Posted under Technical development

This post was written by Peter Leggett on October 10, 2012

Update on technical development of our DSpace submission tool

Just uploaded a new technical report by Ian Wellaway to our repository: http://hdl.handle.net/10036/3847

This report reviews the approaches that were identified earlier this year as possible solutions to the ‘big data’ upload issue: using the default DSpace upload tool; using third-party software and tools; developing a bespoke solution for Exeter.

Ian outlines the development work that has been done in these areas and the outcomes. For a time we have been developing two prototypes concurrently – one that could, ideally, be easily reused by other HEIs, and a more bespoke tool catering for Exeter’s specific needs but with less cross-institutional transferability.

Various tools and applications are evaluated and discussed: SWORD, sworduploader, EasyDeposit and Globus FTP.

Hope this will be of interest to other MRD projects and wider.

Posted under Big Data, Reports, Technical development

This post was written by Jill Evans on October 2, 2012

Tags: , , ,

Prototype No. 2 – SWORD, Globus FTP and importing by reference

In parallel to our development using SWORD to try to solve the issue of uploading large research data  to Dspace, we’ve been working on another prototype which uses a bit of SWORD along with an FTP client (Globus) and Dspace’s own command line script for importing data into the archive.

The process works as so:

1) The user uploads their research data from their own device (PC, iPad, etc) up to ATMOS (remember we have this storage facility) using the Globus FTP client.
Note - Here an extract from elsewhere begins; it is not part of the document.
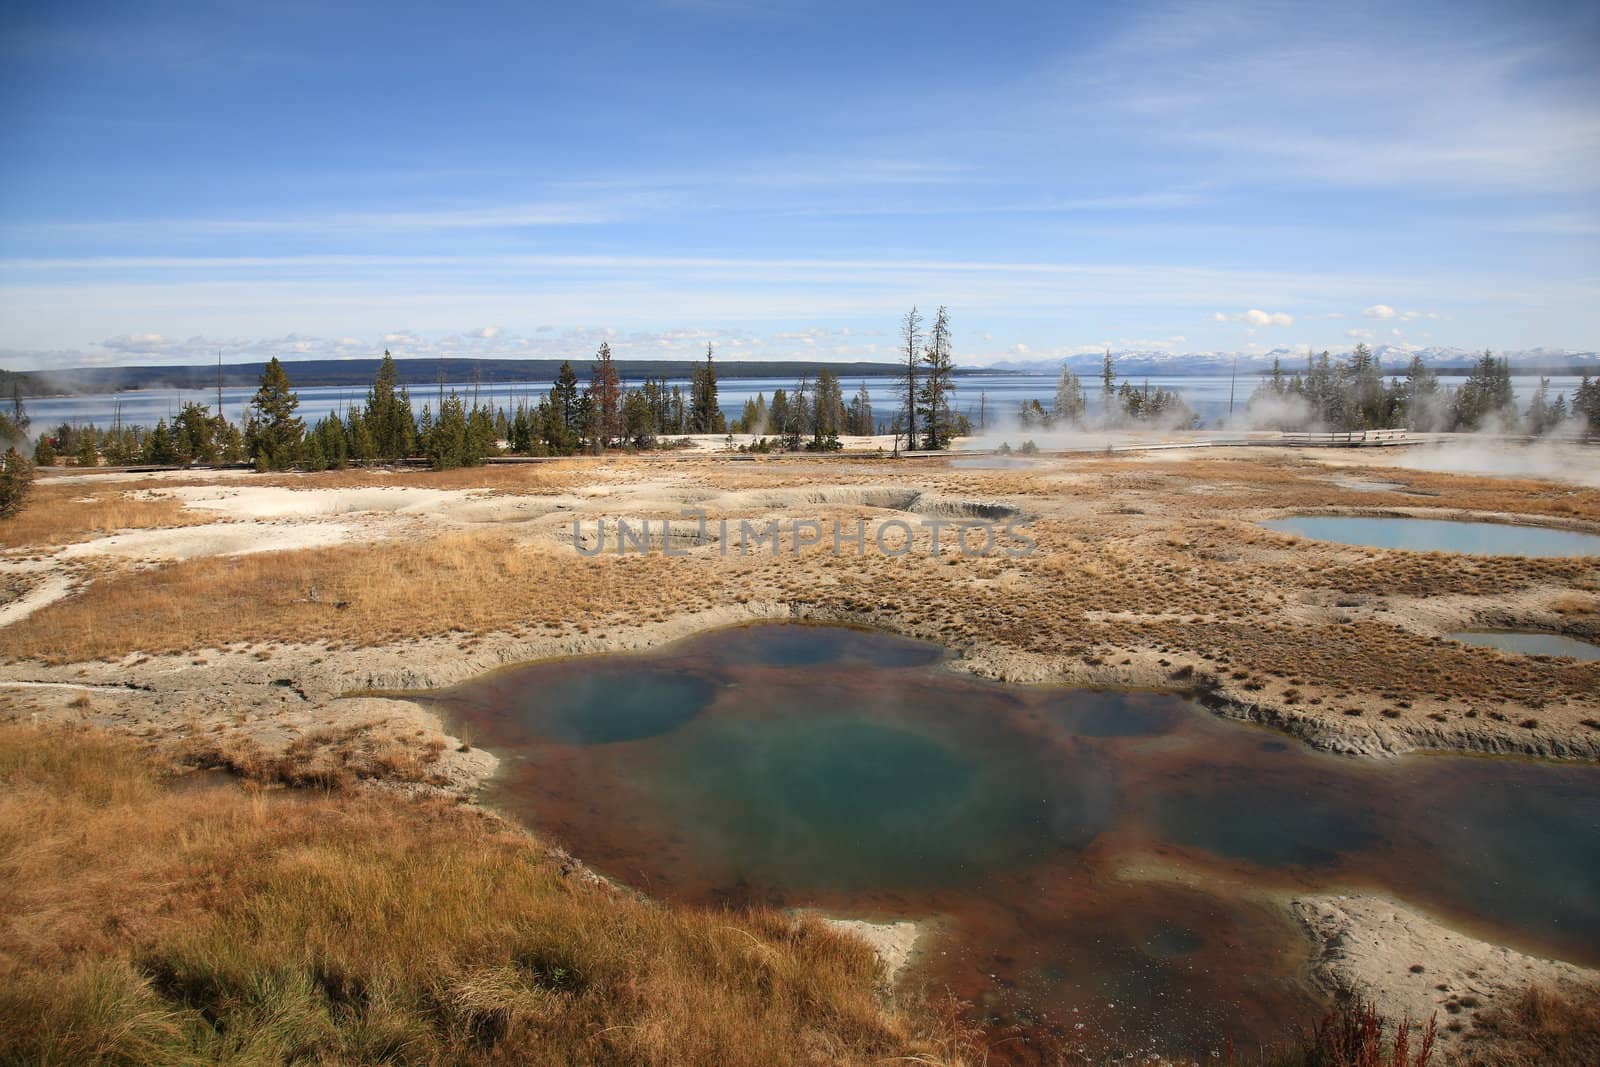 Steaming geothermal hot springs on the shore of Yellowstone Lake
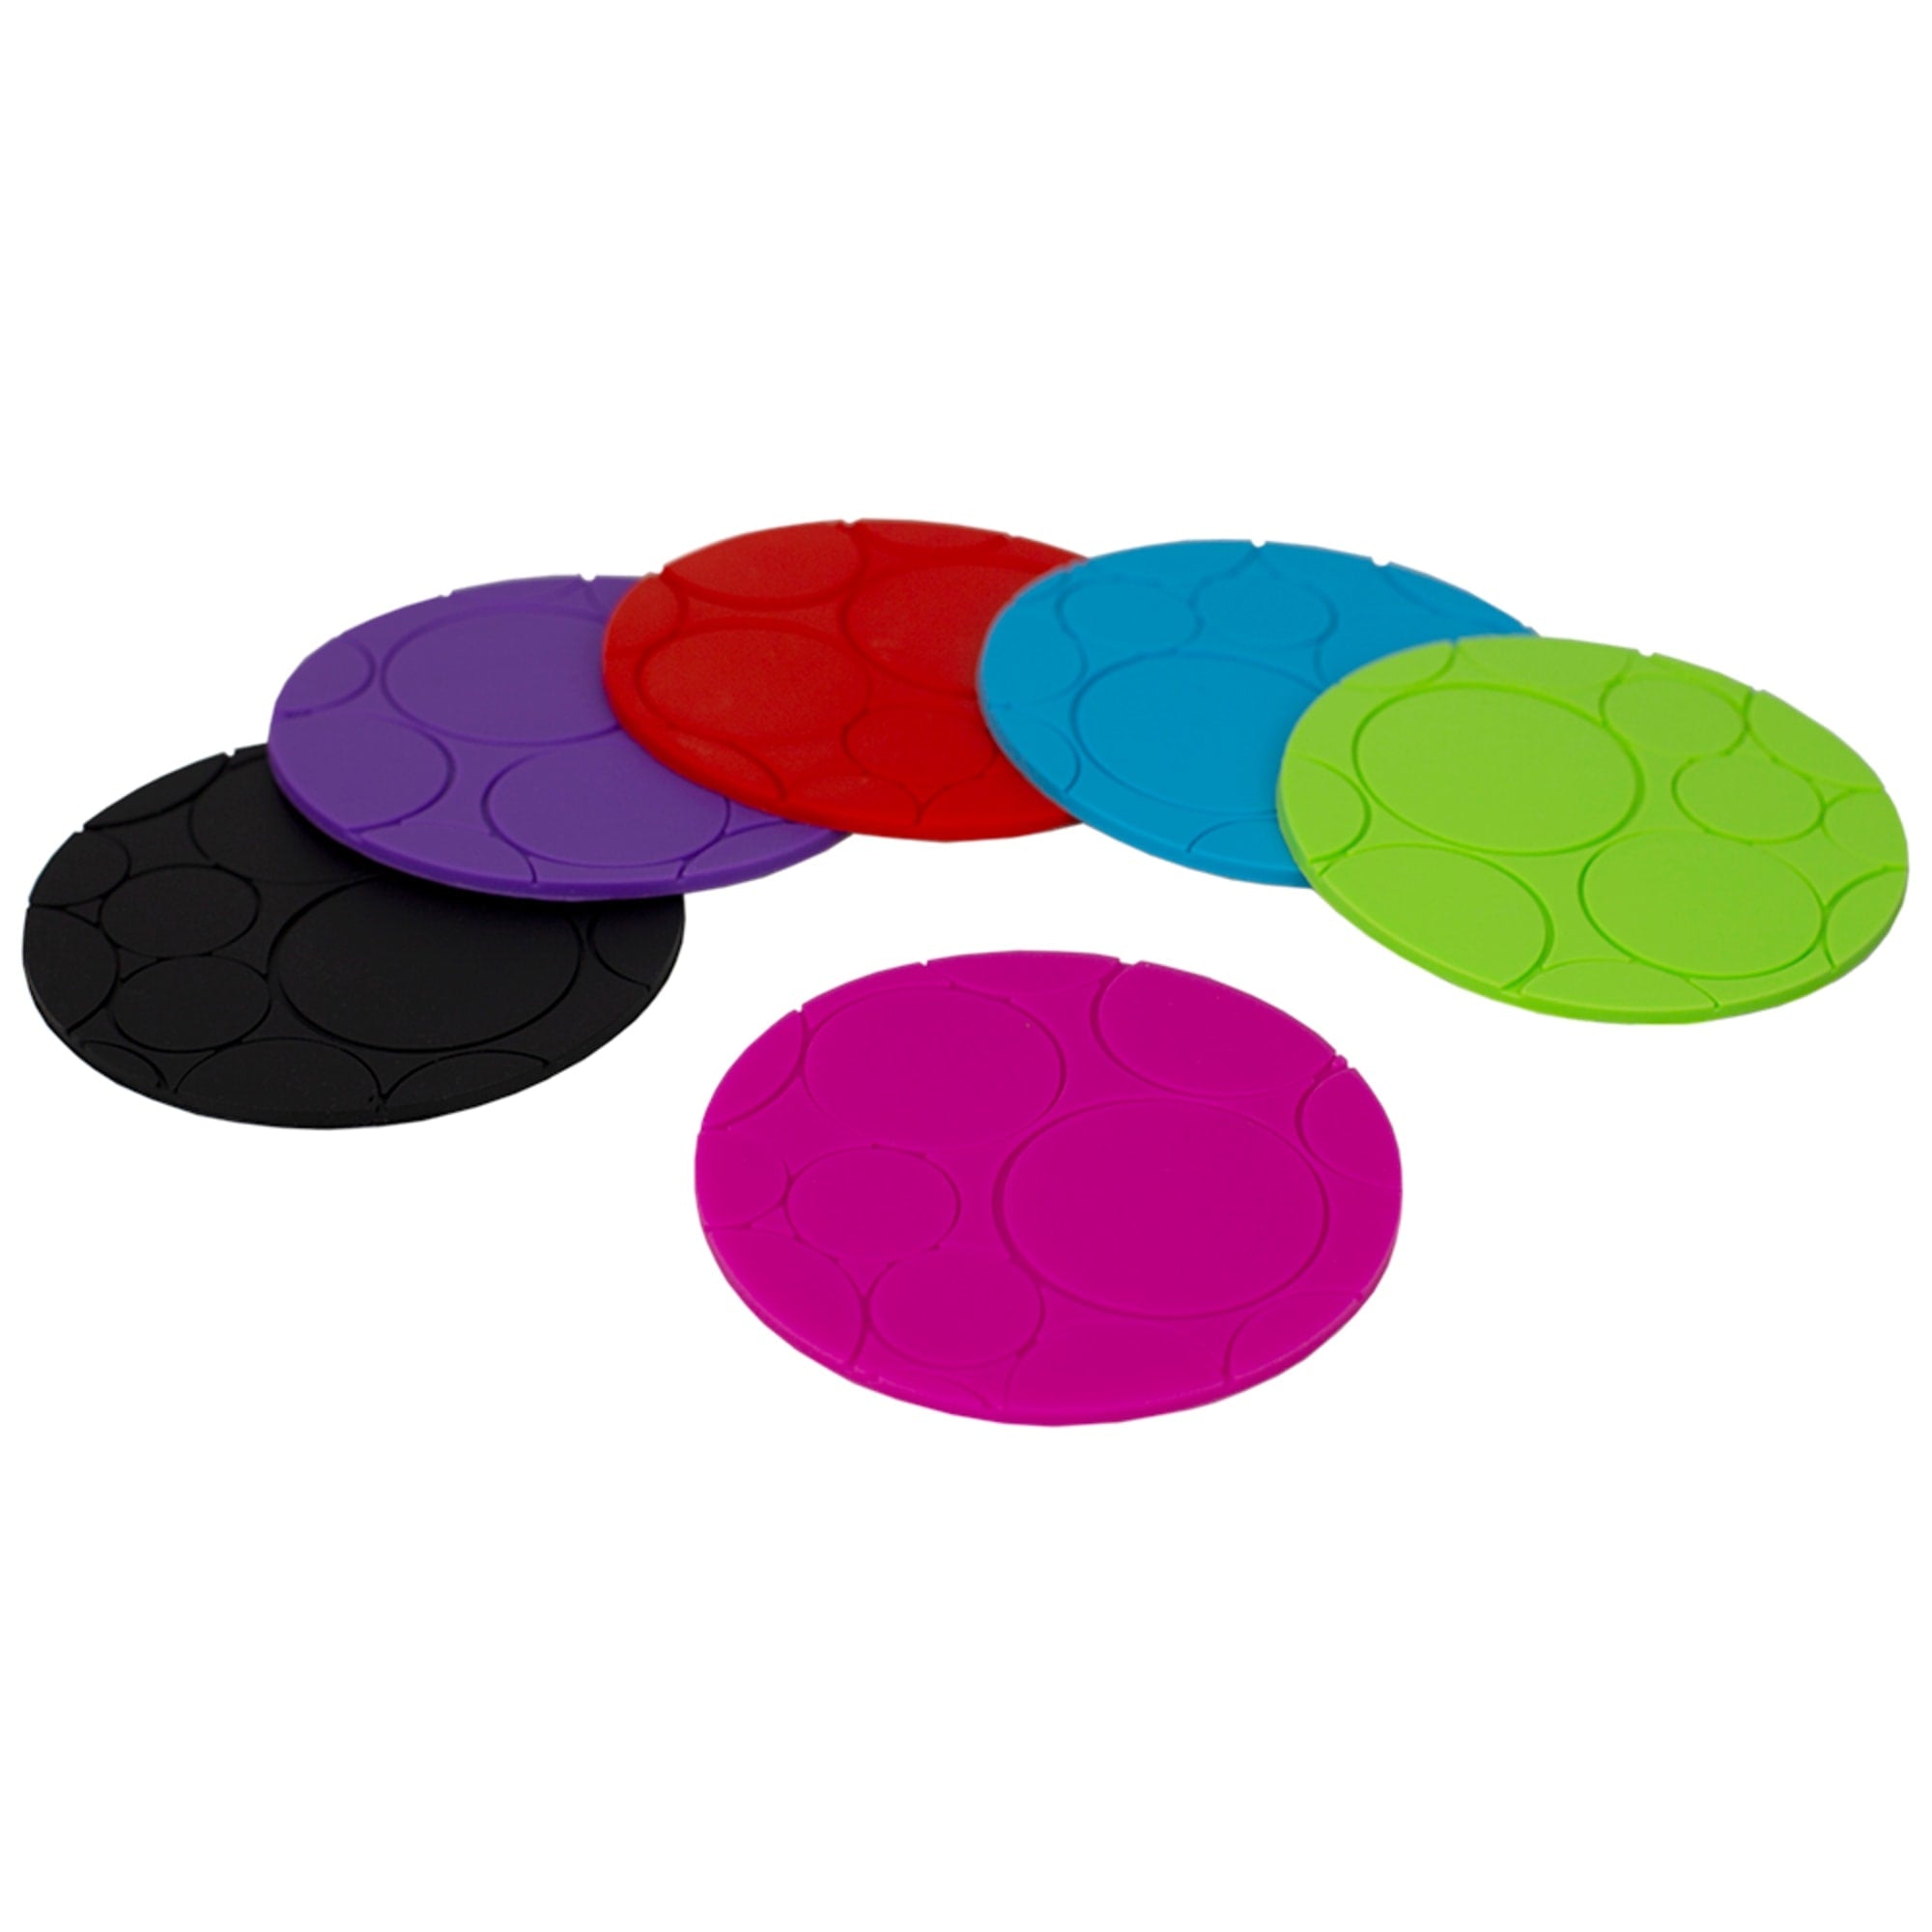 Home Basics Non-Slip Round Silicone Coasters, Multi-color $5.00 EACH, CASE PACK OF 48

We’ve played about with Globus and have initilly created a script to sort out the certificatation that Globus requires to transfer files between locations. Globus has many advantages here in that, in the event of any stoppage, the upload should be resurrected

2) Once uploaded the user uses a GUI that is build from the input-forms.xml file on the dspace server to enter metadata and choose the files on the server they have just uploaded. They can then submit to the archive.

Behind the scenes, Dspace is creating a set of files required for the command line ‘import’ script to submit the files by reference to the archive. In this way, the final stage works much quicker.

As you can see, this is a two stage process, with the user uploading the files and then submitting them to the repository, however, we have ideas to allow the user to do everything at the upload stage, or if the files sizes are not so large, there is a part to the GUI for simply uploading files straight to dspace as in a normal submission.

And where does SWORD come in? We use it to get the service document.

Testing continues…

 

Posted under Technical development

This post was written by Ian Wellaway on September 14, 2012

Using SWORD v2 to upload large data files

Our project uses Dspace as it’s online repository, with ATMOS storing the actual files. This gives us a very large storage area for researchers to submit their research data to.

However, where the Dspace submission interface works well with small files, it struggles a bit with larger ones, or muliple files.

So, to combat this we’ve been looking at creating a new SWORD based submission tool. We started by exploring a python script created by QMUL, ‘sworduploader’.

This works well for small files and multiple files since it effectively zips up files, submit’s them to Dspace using the SWORD service document and then unzips them. However, as we developed the script to work for larger data we started to uncover some issues.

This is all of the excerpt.